Allocation of Interest Expense to Discontinued Operations – The Company elects to allocate the interest on debt that is required to be repaid as a result of a disposal transaction to discontinued operations.

 

(x) Recent Accounting Pronouncements:

 

Disclosure Improvements: In November 2024, the Financial Accounting Standards Board issued Accounting Standard Update (“ASU”) No. 2024-03, “Income Statement—Reporting Comprehensive Income—Expense Disaggregation Disclosures (Subtopic 220-40)”. The amendments in this Update require disclosure, in the notes to financial statements, of specified information about certain costs and expenses. The amendments require that at each interim and annual reporting period an entity:

 

1. Disclose the amounts of (a) purchases of inventory, (b) employee compensation, (c) depreciation, (d) intangible asset amortization, and (e) depreciation, depletion, and amortization recognized as part of oil and gas-producing activities (DD&A) (or other amounts of depletion expense) included in each relevant expense caption.
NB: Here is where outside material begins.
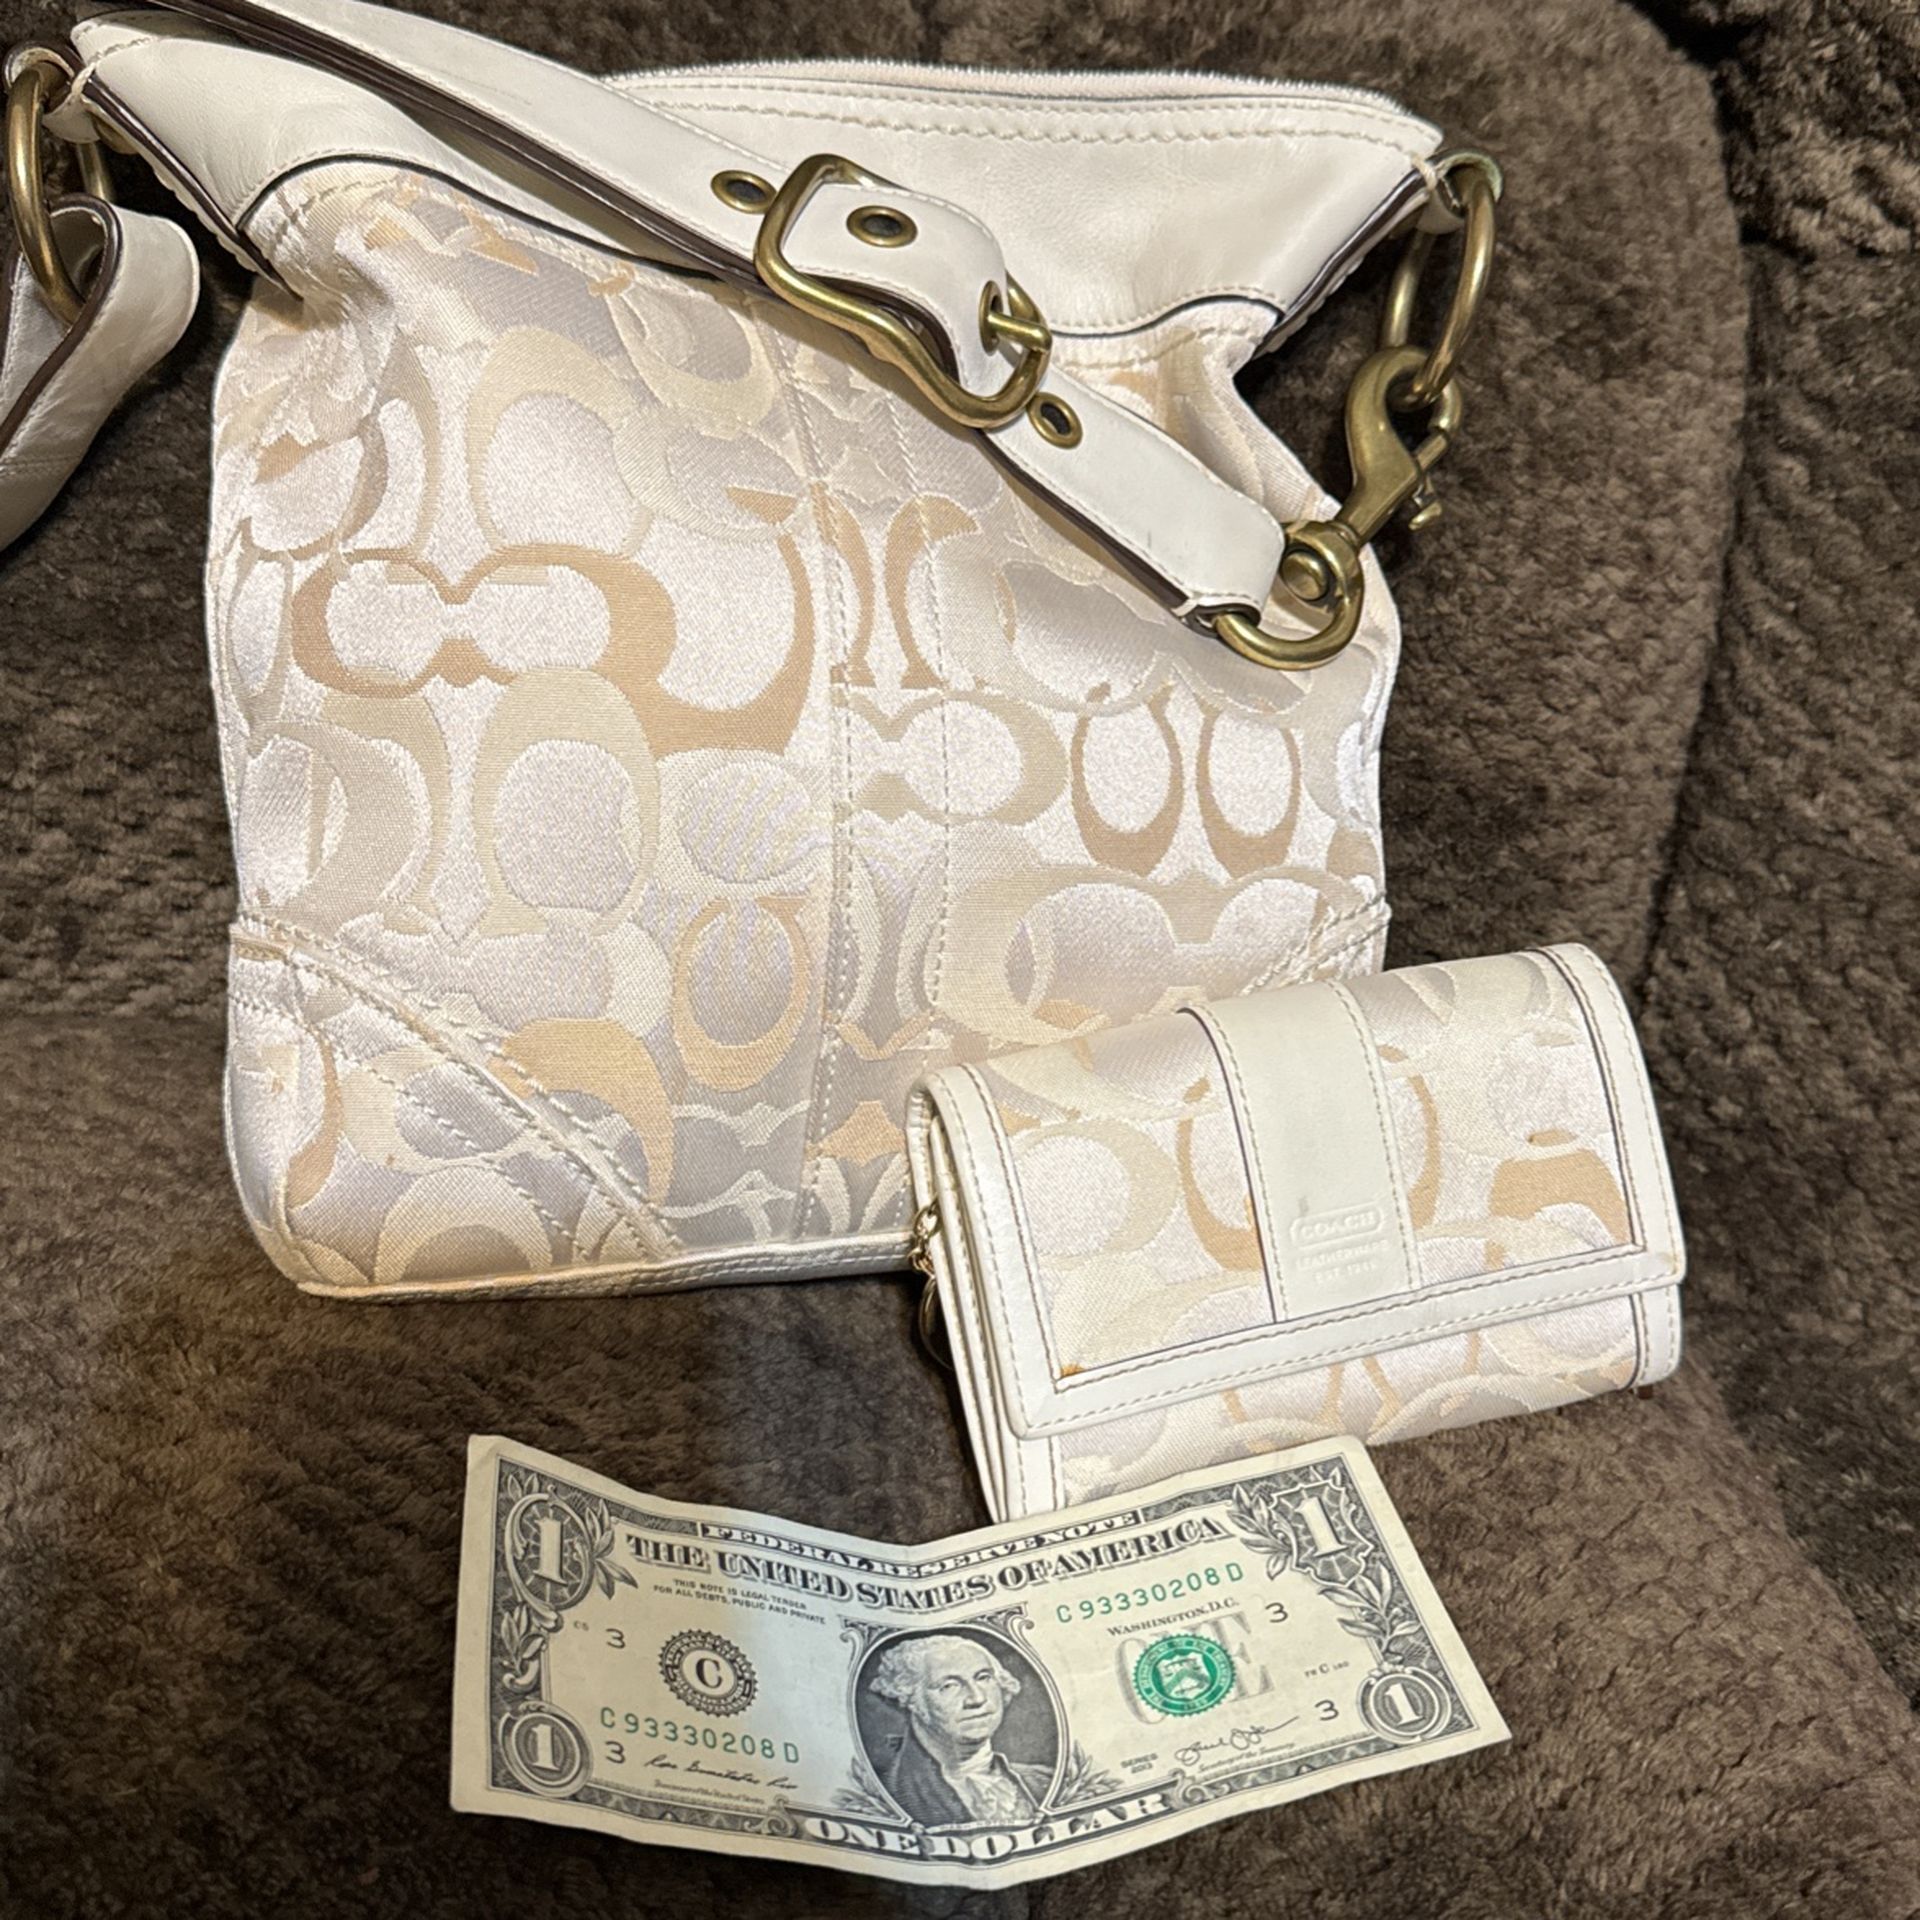 Cream Coach wallet And purse $150

A relevant expense caption is an expense caption presented on the face of the income statement within continuing operations that contains any of the expense categories listed in (a)–(e).

 

2. Include certain amounts that are already required to be disclosed under current generally accepted accounting principles (GAAP) in the same disclosure as the other disaggregation requirements.

 

3. Disclose a qualitative description of the amounts remaining in relevant expense captions that are not separately disaggregated quantitatively.

 

4. Disclose the total amount of selling expenses and, in annual reporting periods, an entity’s definition of selling expenses.

 

The amendments in this Update are effective for annual reporting periods beginning after December 15, 2026, and interim reporting periods within annual reporting periods beginning after December 15, 2027. Early adoption is permitted. The amendments in ASU 2024-03 should be applied either (1) prospectively to financial statements issued for reporting periods after the effective date of this Update or (2) retrospectively to any or all prior periods presented in the financial statements The Company is currently evaluating the impact, if any, of the adoption of this ASU.